The element may contain either a prose description or, more helpfully,
one or more <gi>recording</gi> elements, each corresponding with a
particular recording.  The linkage between utterances or groups of
utterances and the relevant recording statement is made by means of the
<att>decls</att> attribute, described in section <ptr target="#CCAS"/>.
 </p>
<p>The <gi>recording</gi> element should be used to provide a
description of how and by whom a recording was made.  This information
may be provided in the form of a prose description, within which such items as statements of
responsibility, names, places, and dates may be identified using the
appropriate phrase-level tags.  Alternatively, a selection of elements
from the <ident type="class">model.recordingPart</ident> class may be
provided.

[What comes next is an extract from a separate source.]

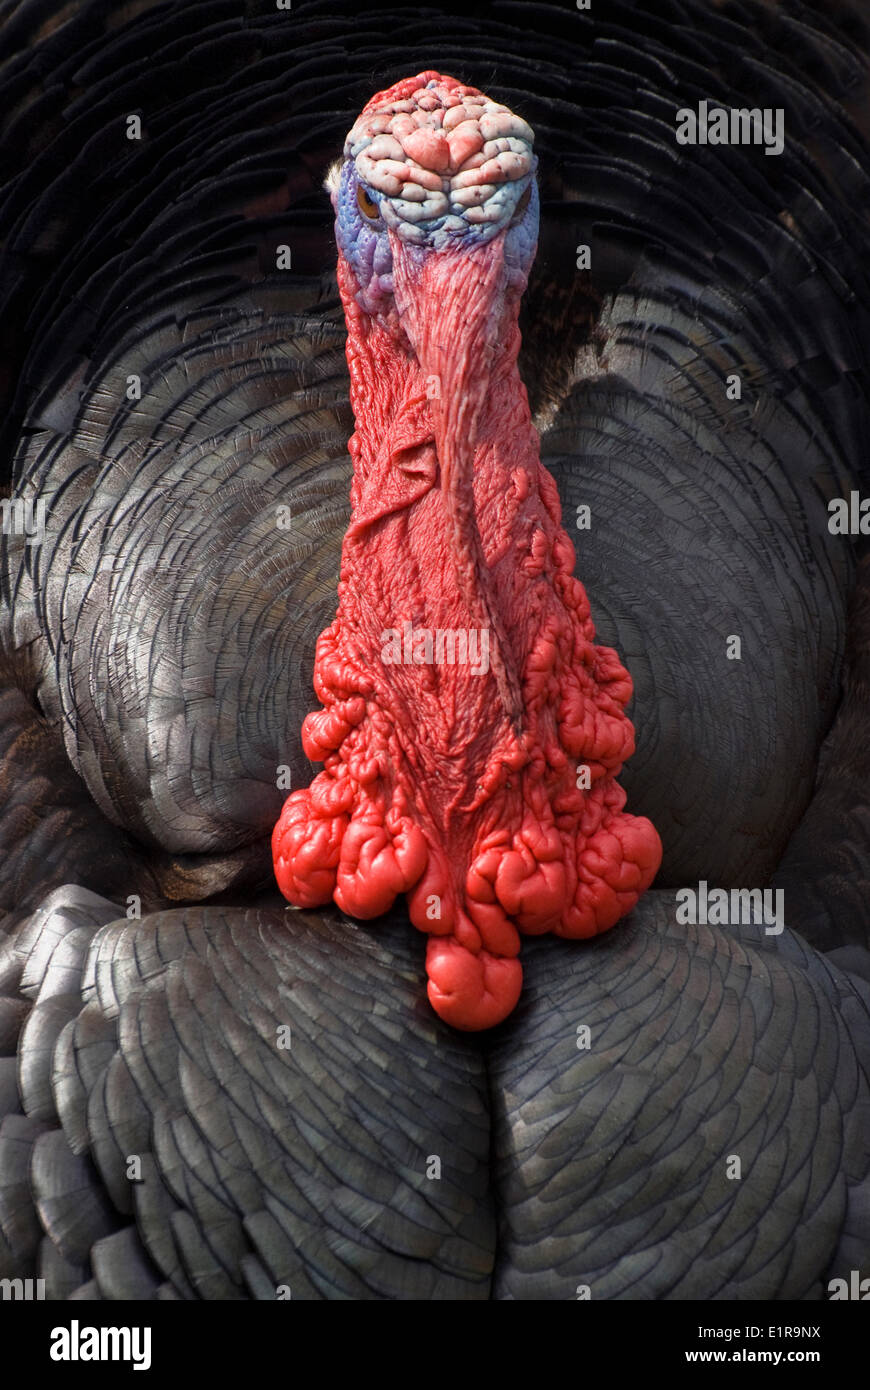 Portrait of a courting Turkey that gets a red head and neck because of excitement Stock Photo

This element class makes available the following elements:
<specList>
  <specDesc key="date"/>
  <specDesc key="time"/>
  <specDesc key="respStmt"/>
  <specDesc key="equipment"/>
  <specDesc key="broadcast"/>
</specList>
 </p>
<p>Specialized
collections may wish to add further sub-elements to these major
components.  These elements should be used only for
information relating to the recording process itself; information about
the setting or participants (for example) is recorded elsewhere:  see
sections <ptr target="#CCAHSE"/> and <ptr target="#CCAHPA"/><!-- below-->.

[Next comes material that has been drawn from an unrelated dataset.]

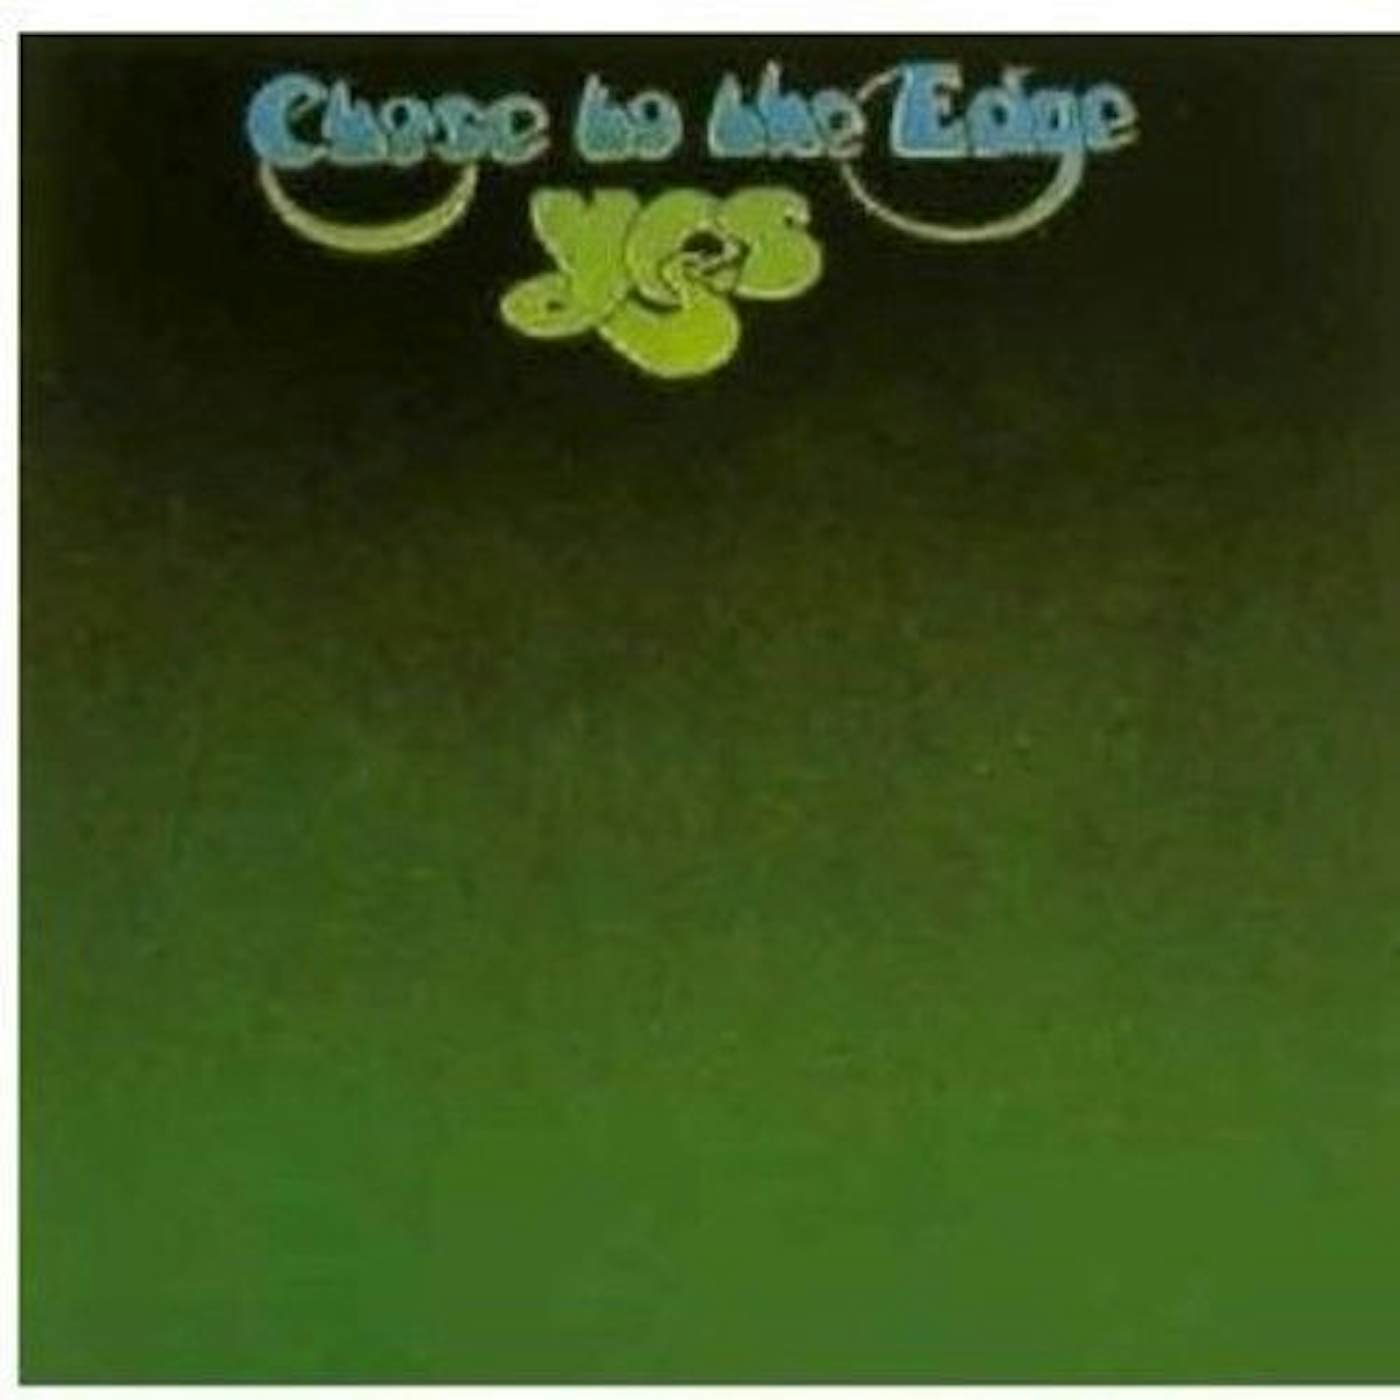 Yes Close To The Edge Vinyl Record

<egXML xmlns="http://www.tei-c.org/ns/Examples"><recordingStmt>
<recording type="video">
  <p>U-matic recording made by college audio-visual department staff, 
    available as PAL-standard VHS transfer or sound-only cassette</p>
</recording></recordingStmt></egXML>
<egXML xmlns="http://www.tei-c.org/ns/Examples"><recordingStmt>
<recording type="audio" dur="P30M">
  <respStmt>
     <resp>Location recording by</resp>
     <name>Sound Services Ltd.</name>
  </respStmt>
  <equipment>
     <p>Multiple close microphones mixed down to stereo Digital
     Audio Tape, standard play, 44.1 KHz sampling frequency</p>
  </equipment>
  <date>12 Jan 1987</date>
</recording>
</recordingStmt></egXML>
<egXML xmlns="http://www.tei-c.org/ns/Examples"><recordingStmt>
<recording type="audio" dur="P15M" xml:id="rec-3001">
<date>14 Feb 2001</date>
</recording>
<recording type="audio" dur="P15M" xml:id="rec-3002">
<date>17 Feb 2001</date>
</recording>
<recording type="audio" dur="P15M" xml:id="rec-3003">
<date>22 Feb 2001</date>
</recording>
</recordingStmt>
</egXML></p>
<p>When a recording has been made from a public broadcast, details of
the broadcast itself should be supplied within the <gi>recording</gi>
element, as a nested <gi>broadcast</gi> element.  A broadcast is closely
analogous to a publication and the <gi>broadcast</gi> element should
therefore contain one or the other of the bibliographic citation
elements <gi>bibl</gi>, <gi>biblStruct</gi>, or <gi>biblFull</gi>.  The
broadcasting agency responsible for a broadcast is regarded as its
author, while other participants (for example interviewers,
interviewees, script writers, directors, producers, etc.) should be specified using the
<gi>respStmt</gi> or <gi>editor</gi> element with an appropriate
<gi>resp</gi> (see further section <ptr target="#COBI"/>).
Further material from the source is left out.